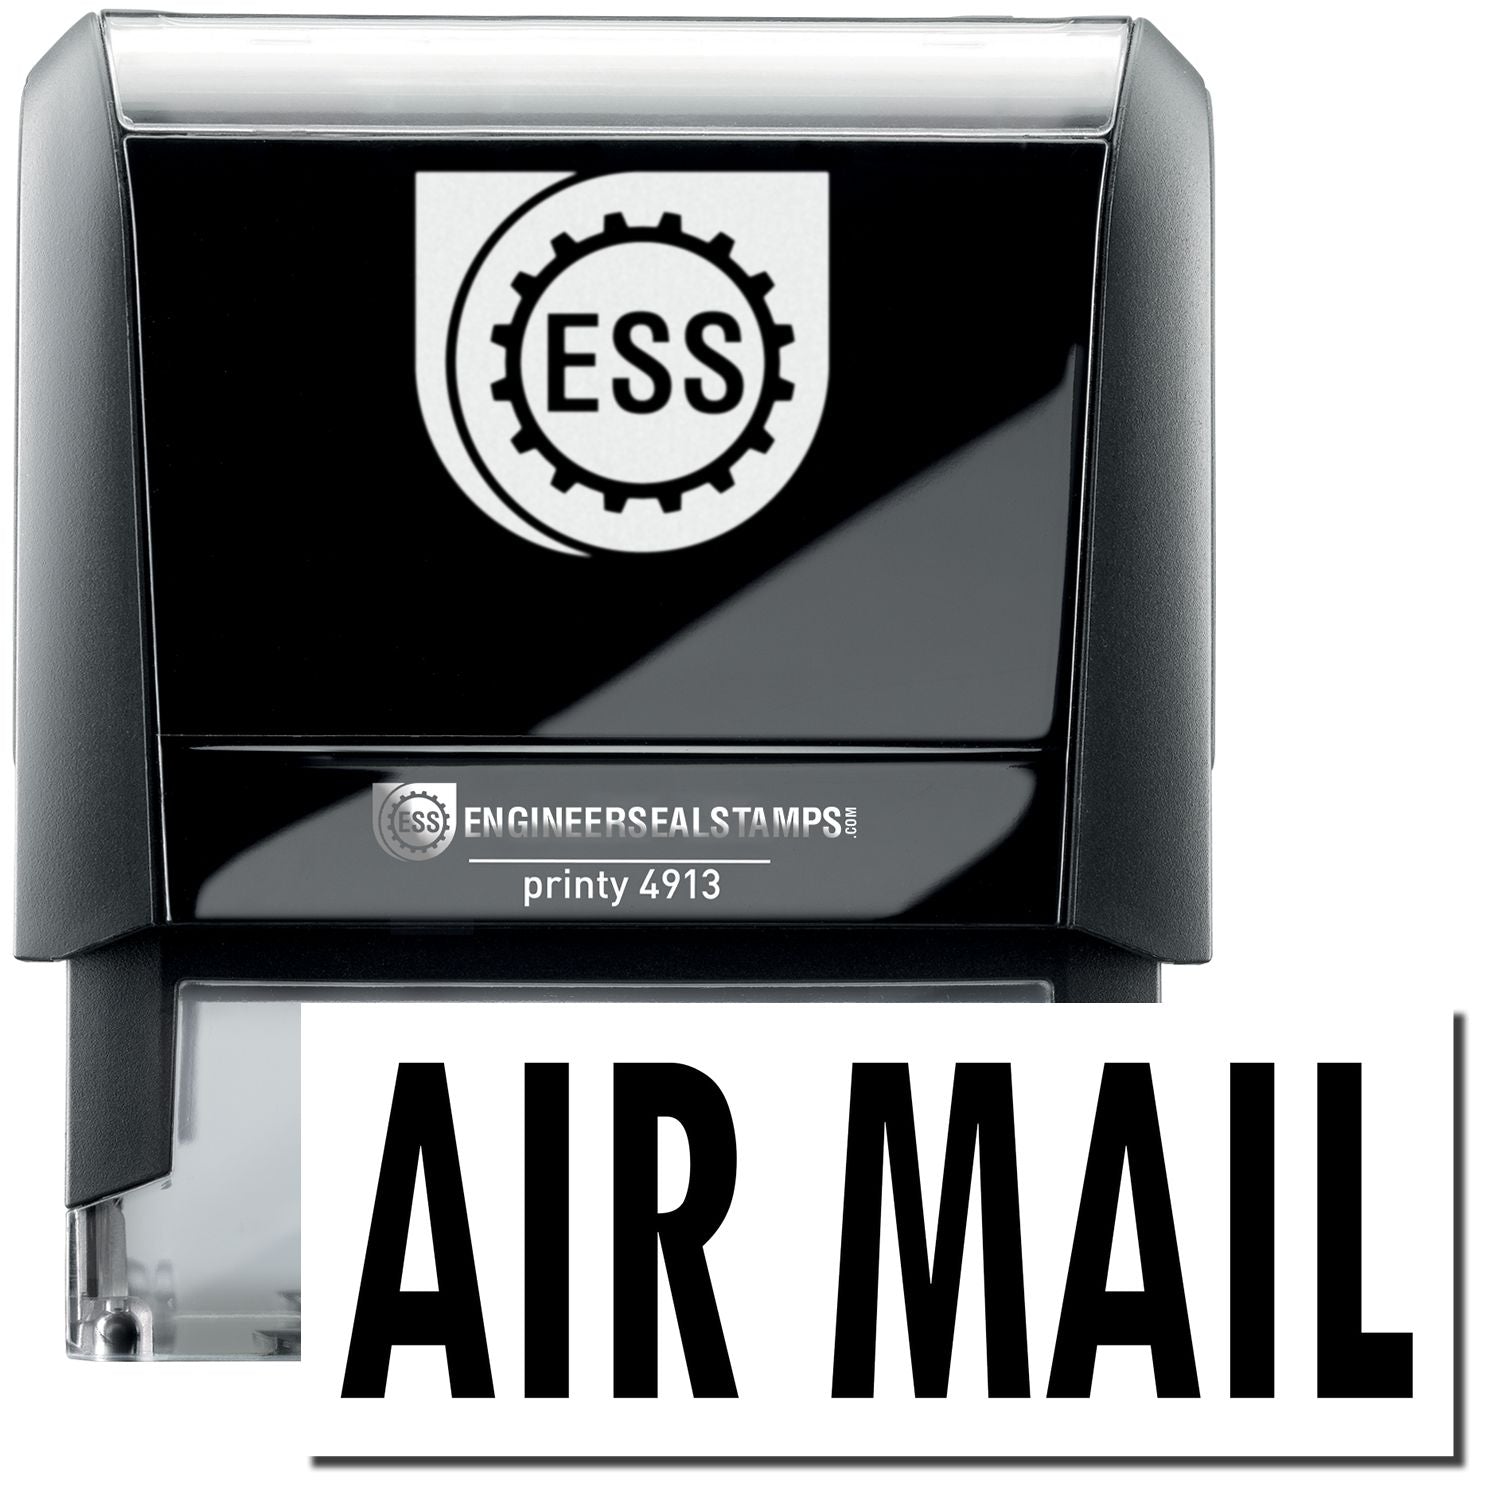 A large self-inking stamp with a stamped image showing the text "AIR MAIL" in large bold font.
--
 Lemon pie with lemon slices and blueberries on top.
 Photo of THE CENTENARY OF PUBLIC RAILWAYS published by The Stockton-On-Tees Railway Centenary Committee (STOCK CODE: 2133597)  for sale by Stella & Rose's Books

> Work required
Return the span of lines in the data above that opens at the line with "Lemon pie with" and closes at the line with "Photo of THE", exactly, ends included, nothing else.

> Result of this task
 Lemon pie with lemon slices and blueberries on top.
 Photo of THE CENTENARY OF PUBLIC RAILWAYS published by The Stockton-On-Tees Railway Centenary Committee (STOCK CODE: 2133597)  for sale by Stella & Rose's Books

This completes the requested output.